Minimum System Load (MSL) occurs when operational demand, underlying demand minus distributed energy generation, drops so low that system security is at risk. Mild weather, strong rooftop PV output, and low daytime consumption drive these events. During these times, there may not be enough synchronous generation online to provide essential services like inertia, frequency or voltage control. AEMO has to step in with out-of-market interventions to keep the grid stable and prevent the system from becoming vulnerable to disturbances or outages.
AEMO manages three Minimum System Load levels
When operational demand approaches minimum system-load levels, AEMO use targeted measures to keep voltage, frequency, and system strength within safe limits. The specific actions vary by region, weather conditions, rooftop solar output, and how much flexible load is available at the time.

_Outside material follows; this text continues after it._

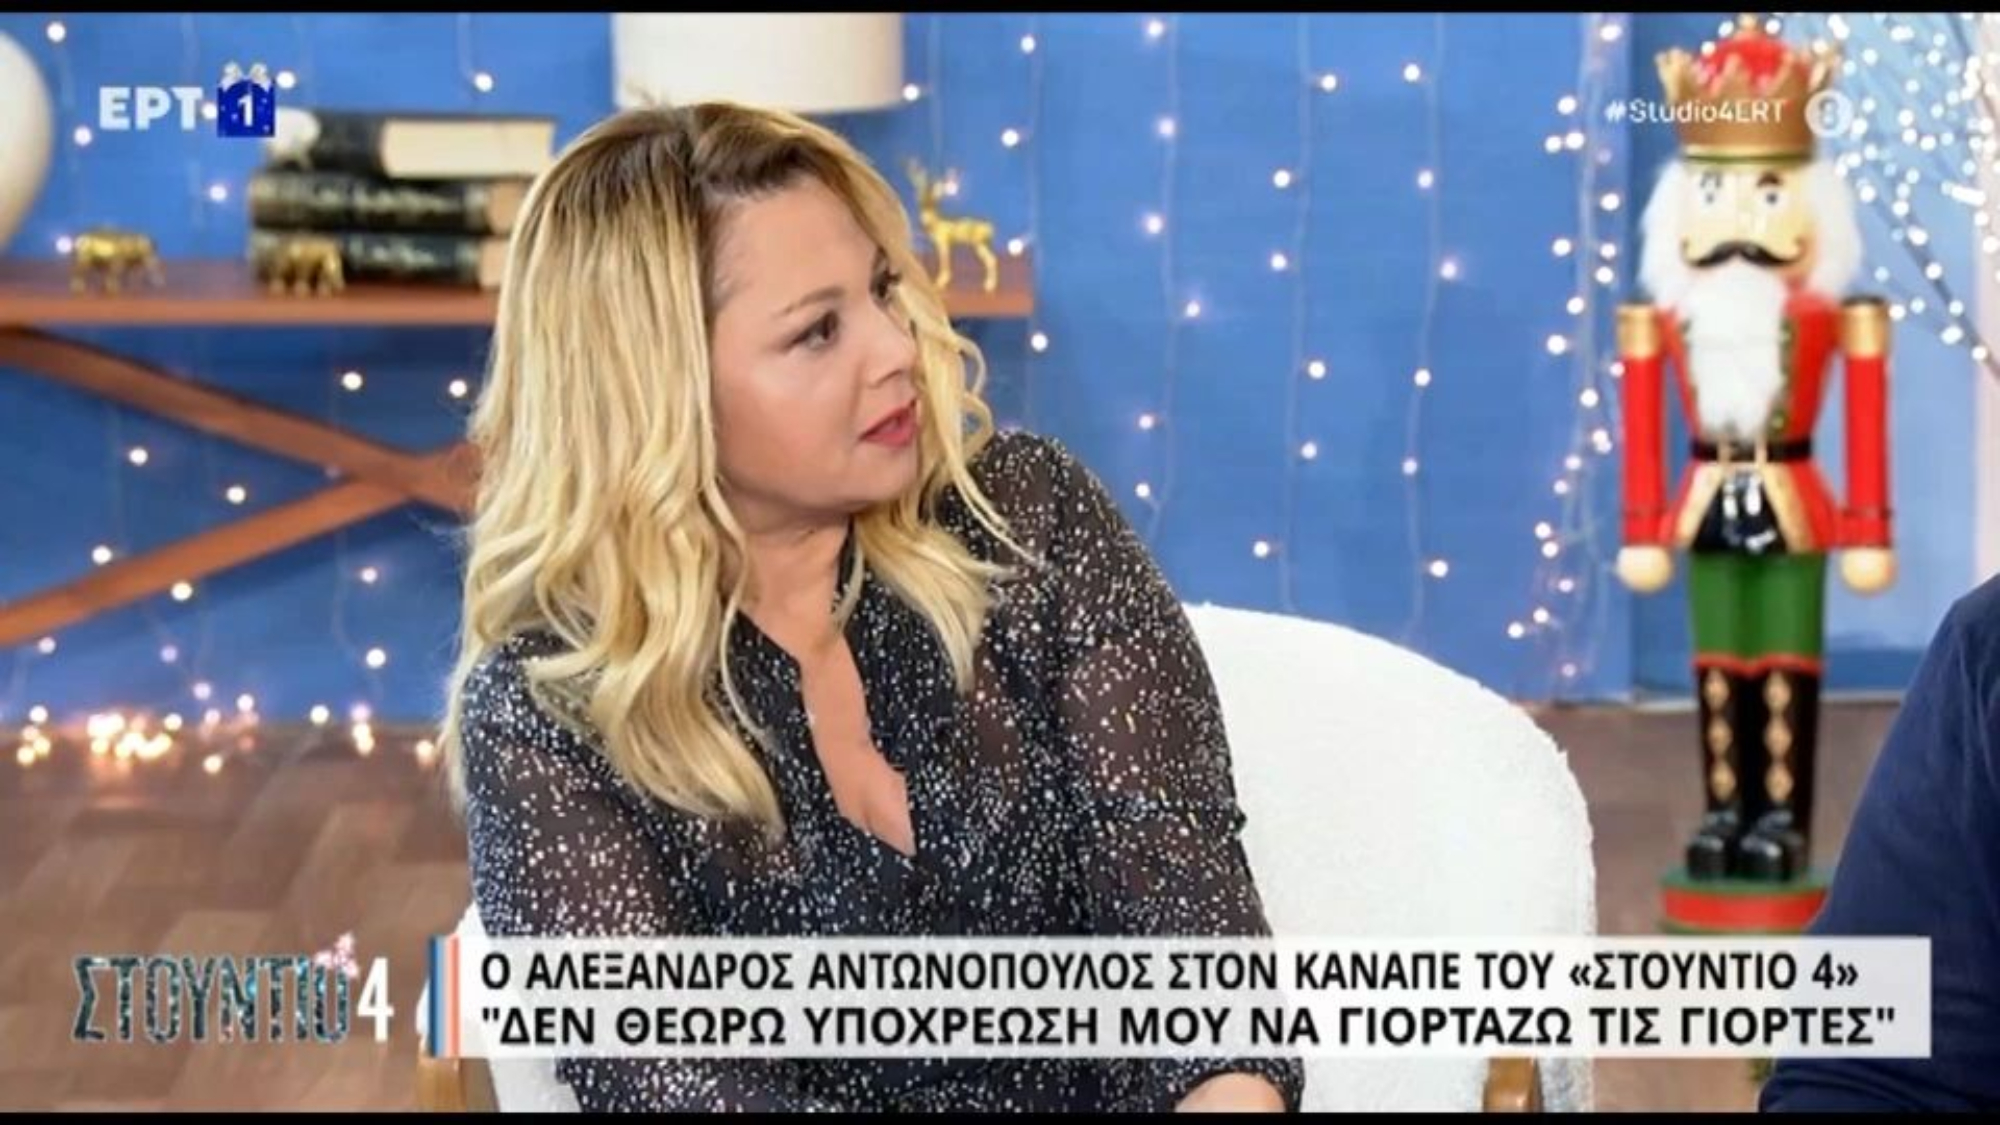 Νάνσυ Ζαμπέτογλου: Το συγκινητικό περιστατικό που αφηγήθηκε -«Καθόταν με το κεφάλι σκυφτό, το πήραμε μαζί μας και έβγαλε 40 ευρώ» (VIDEO)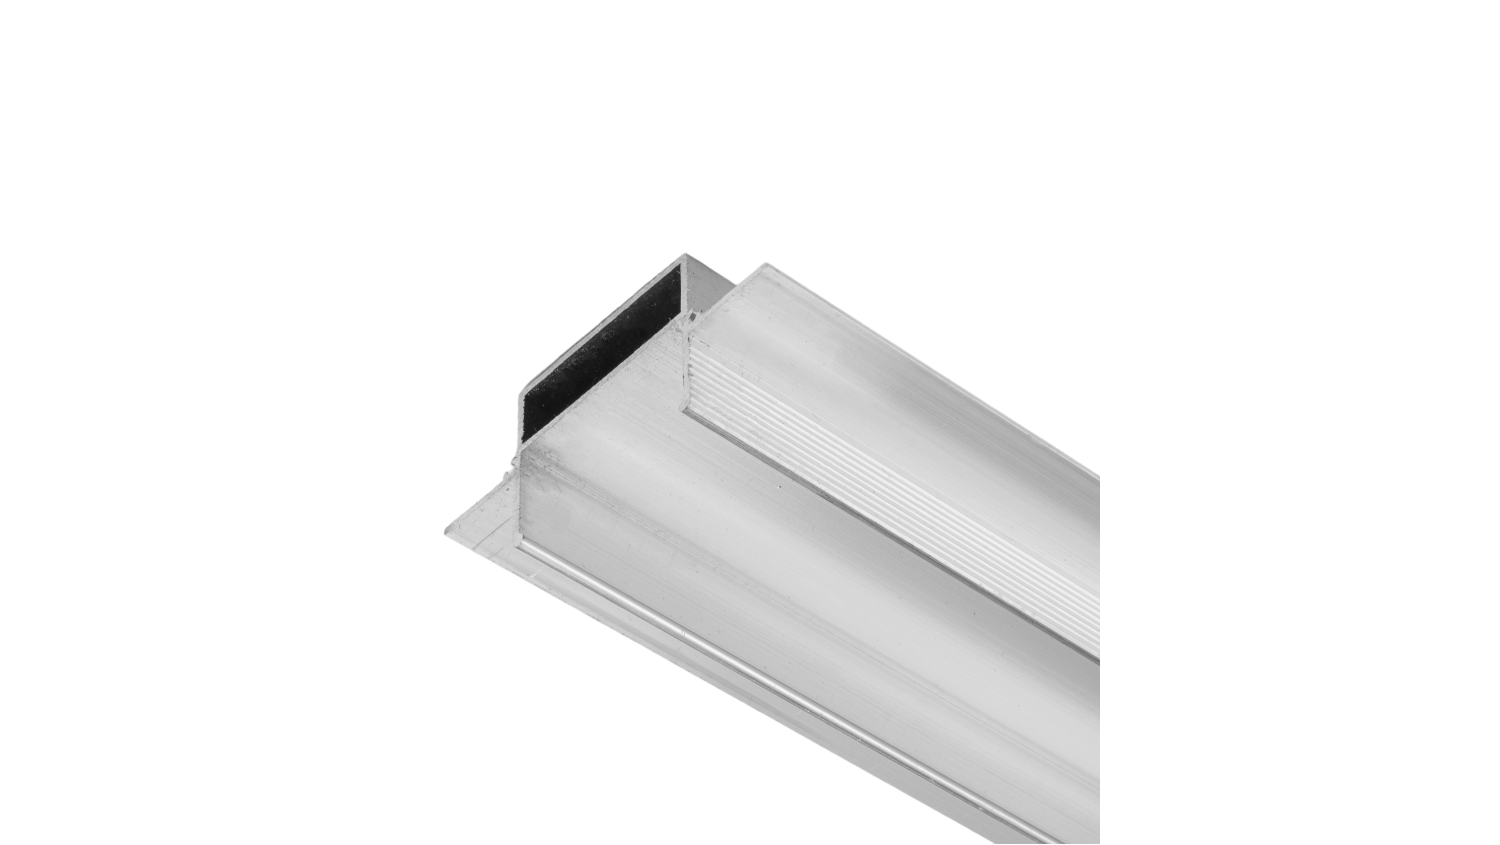 Профиль LED в гипсокартон PG-TR2-35

Each MSL level corresponds to a forecasted demand threshold that AEMO calculates for each region, based on how low demand can safely fall before system security is at risk. These thresholds give AEMO a structured way to decide when to intervene as demand drops and the grid becomes harder to stabilise.
High rooftop solar and limited interconnection put South Australia at greatest risk
South Australia is the most exposed region to MSL because its underlying demand is small relative to its generation mix.
South Australia also has few synchronous generators and relies heavily on two interconnectors to the eastern states for system support. When either link is constrained, South Australia has reduced synchronous support which increases the likelihood of minimum system load conditions.
Since the start of 2025, South Australia has recorded 112 hours of negative operational demand. This occurs when local generation exceeds underlying demand, forcing scheduled units offline and limiting the number of thermal generators that normally provide essential system services.
These conditions occur most often in spring, when mild temperatures suppress demand.
Batteries are losing revenue under today’s minimum system load interventions
When operational demand falls below Minimum System Load thresholds, AEMO must take out-of-market actions to maintain system security. This often involves directing an asset to follow a specific dispatch trajectory, preventing it from operating economically. When there is a large price difference between the instructed profile and economic dispatch, the revenue impact can be significant.
On 11, 12, and 15 November 2025, AEMO directed Torrens Island to follow dispatch targets for Minimum System Load management. This is the first time this had happened for a battery.
By preventing charging from 7:30 am–3:00 pm on 11 November and 7:00 am–2:30 pm on 12 November, Torrens Island missed the cheapest 1-hour charging windows on both days. This resulted in $5,354 and $3,876 in lost revenue respectively.
Under the National Electricity Rules, Torrens Island may eligible for compensation when its dispatch is altered through out-of-market intervention. The formula for compensation is:
Compensation = Benchmark price × Direct quantity
Where:
- Benchmark price = the 90th-percentile price over the past 12 months for that region
- Direct quantity = the difference in the unit’s energy (MWh) with the direction versus without it over the trading intervals
For these events, the formula suggests that Torrens Island could be receive up to $37,895 and $28,091. This is far higher than the actual financial losses incurred. However, compensation is not guaranteed, the way compensation is assessed can be hard to predict.
How will this change in the future?
The current compensation framework was designed for traditional generators, and can be difficult to apply to storage. It pays based a benchmark price rather than spot prices which produce outcomes that don’t always reflect their financial loss. In November, the formula may have delivered a much larger payment than its trading loss.
Both AEMO and the AEMC have highlighted areas where further clarity would help as storage becomes more prevalent.
Current discussions focus on:
- better recognising price-driven impacts for storage,
- improving counterfactual modelling for bi-directional units, and
- making the additional-compensation process more consistent and predictable.
No rule changes have been implemented yet, but reform is widely expected as batteries take on a larger role in system operations.
South Australia’s exposure to minimum system load is also likely to decline over time. As Project EnergyConnect Stage 2 expands interconnection with New South Wales, South Australia will have stronger system support and a reduced risk of islanding. This will likely reduce the frequency of minimum system load events and the associated impact on batteries.